Уже во сне, вместо итальянского шёлкового ковра с изображением «Похищения», я видела, как казак Николай Кныш забрасывает на лошадь маленькую турчаночку в розовых шароварчиках. как стегает хлыстом лошадь, и сердце сильно билось от быстрого бега лошади и тяжело было дышать. Утром температура упала, бабушка обтёрла измученное жаром тельце. Господи! Одни кости, кушать надо.

— Ладно, буду кушать, только ты про турчаночку еще что-нибудь...

— Жили дружно, дом большой построили, детей народили. Да беда пришла, откуда не ждали. Наполеон. А в Одессу актрисы-итальянки чуму завезли. Они в городе часто гастролировали. Одна заболела, потом другая, и пошло. Закрыли Одессу, чтоб зараза не распространялась дальше. Как лечить от этой заразы, толком еще не знали тогда. Мортосы заходили в чумные дома и забирали умерших. В мортосы шли только казаки-добровольцы — верная смерть. Грузили на телеги, рыли глубокую яму и закапывали, потом насыпали большую гору — она так и называется Чумкой. Я тебе её показывала, когда на второе кладбище, помнишь, летом ездили? Пришёл день, когда некому было вывозить трупы. К дому Кныша, твоего прадеда, подъехал сам Дюк Ришелье, ничего не сказал, только голову опустил. Казак и без слов понял главного городского начальника. Мог бы, конечно, отказаться, никто бы не заставил, а он попрощался с Анастасией, с детьми, запряг лошадь в подводу и со двора. Больше родные его не видели. Видно, тоже на Чумке схоронили, вместе со всеми.

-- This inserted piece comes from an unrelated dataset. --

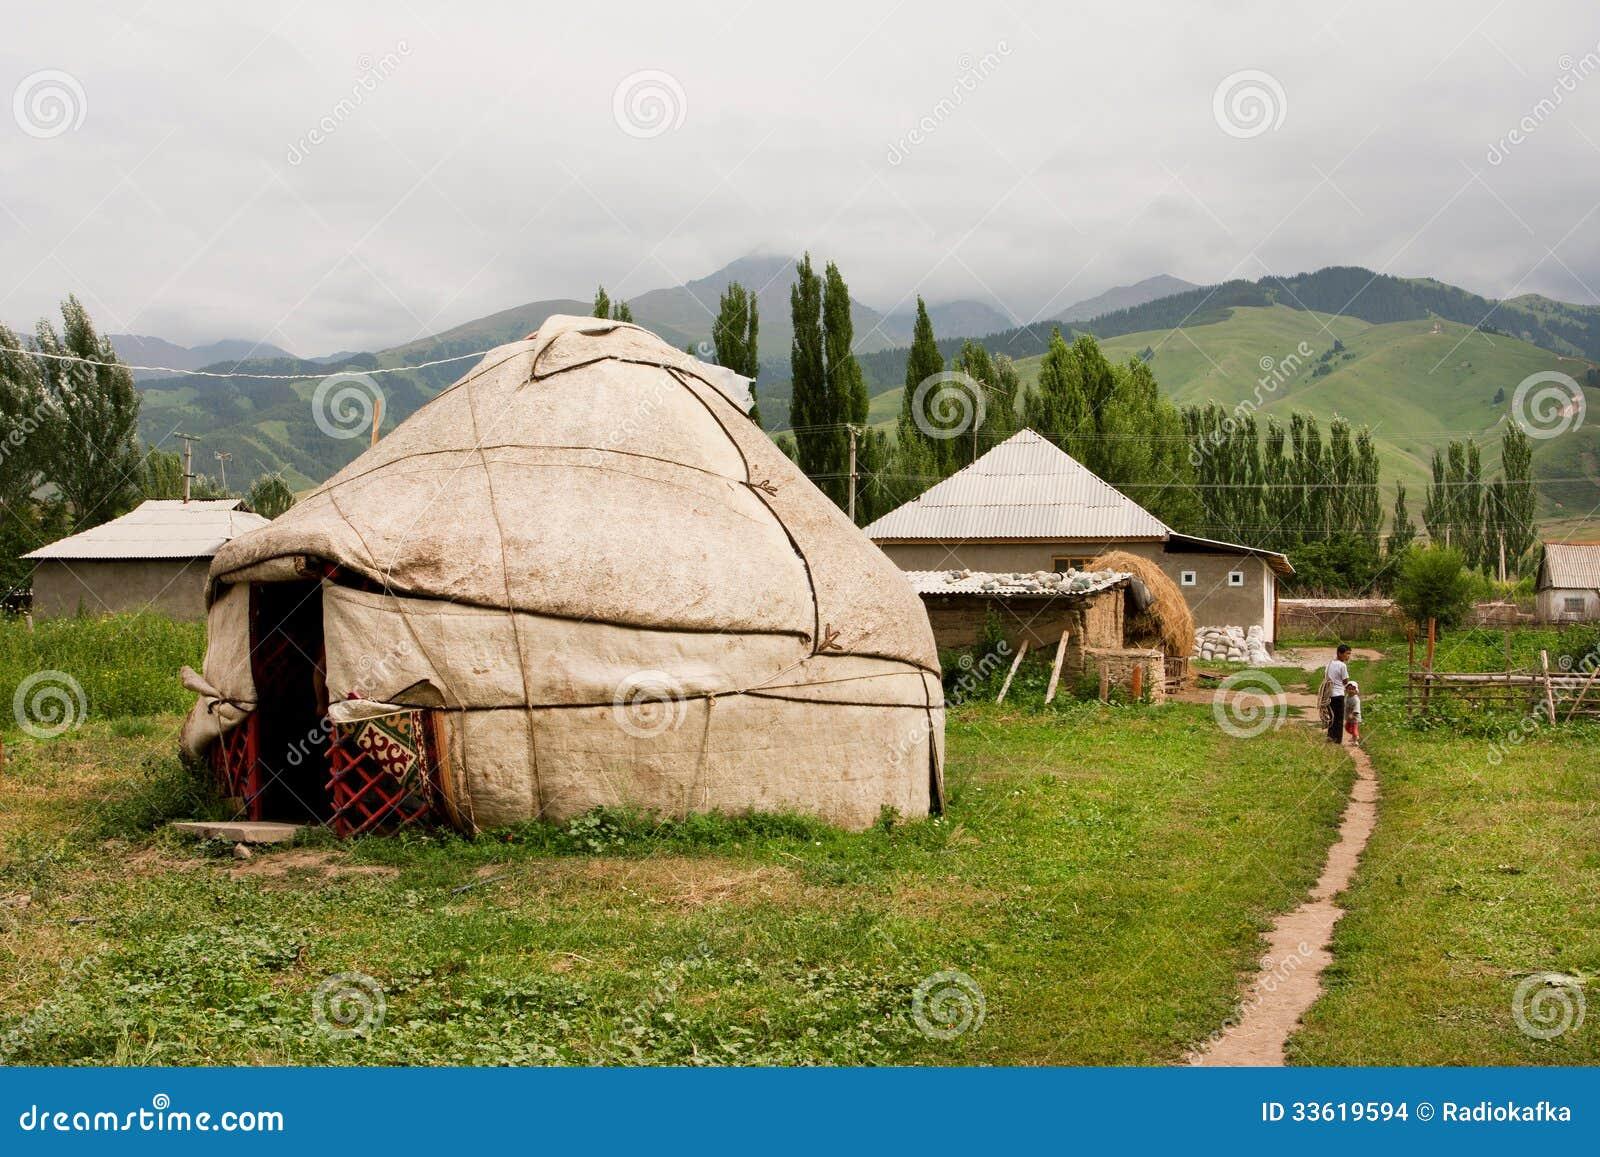 Children Go Away Past Central Asian Yurt Village House

Дюк Ришелье семью Кныша не забыл, на городском попечении они были. Дети все выучились. Особенно старший сын Осип — капитаном стал, на Старопортофрантовской два дома имел, остальные тоже в люди вышли, но о них я ничего не знаю. А Осип моим дедом был. Всё, Олька, садись за уроки, Алка строго наказала, хватит байды бить. А я на станцию сбегаю да на базар, ещё раскрой надо взять, если перепадёт. Забездельничались мы с тобой.

Уроки, какие уроки? Когда так хорошо лежать на кухне в бабкиной с дедом постели. И мечтать, глядя на это запотевшее с вечера окно, а сейчас, утром, покрытое сказочным хрустальным рисунком — творчеством Деда Мороза. Интересно наблюдать, как бегают соседи за углём и дровами. Как останавливаются возле нашего окошка, пытаясь что-нибудь углядеть, да ничего не видно, только в самом верху тоненькая полосочка чистого стекла переливается всеми цветами радуги.

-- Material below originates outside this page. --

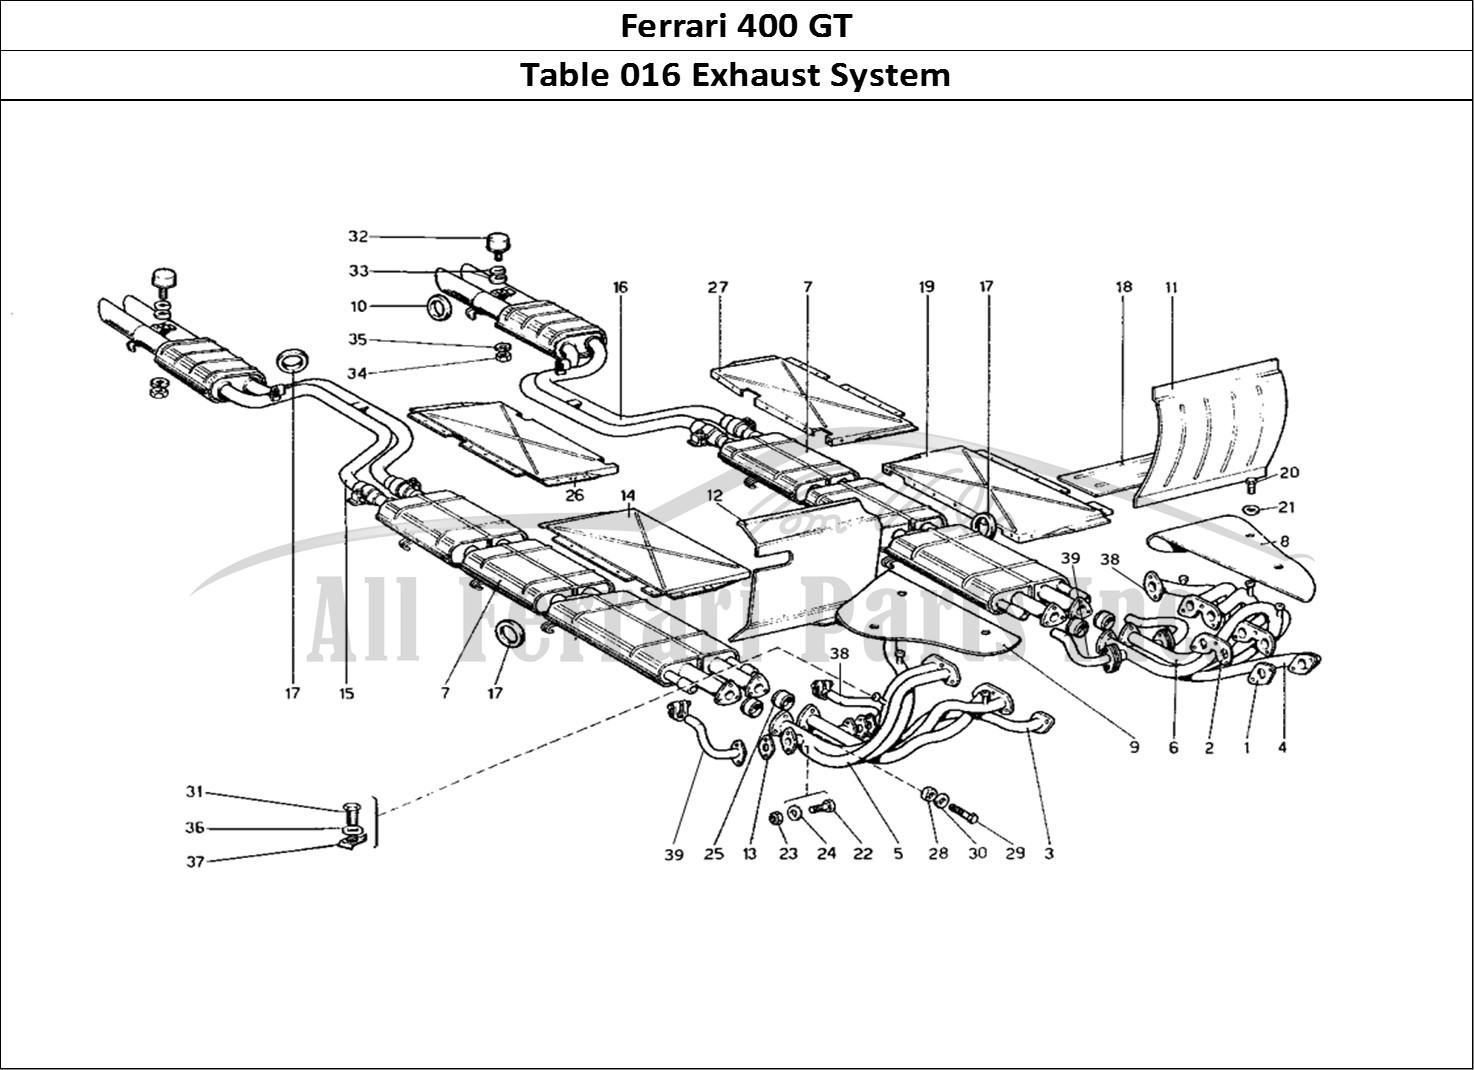 ferrari 400 gt mechanical table 016 exhaust system

— Баба, давай кушать, я хочу! — тихонько попросила я.

— Господи, на поправку, значит, — бабушка засуетилась, остуживая редкую манную кашу и присаживаясь сбоку на кровать к внучке. — Помаленьку, вот так, не можешь, устала — отдохни, мы никуда не спешим, поспи теперь, подождут твои уроки, куда денутся.

Она укрыла меня одеялом, повернулась к единственной иконе в углу: «Матерь божия, заступница, помоги, дай ей силы поправиться...»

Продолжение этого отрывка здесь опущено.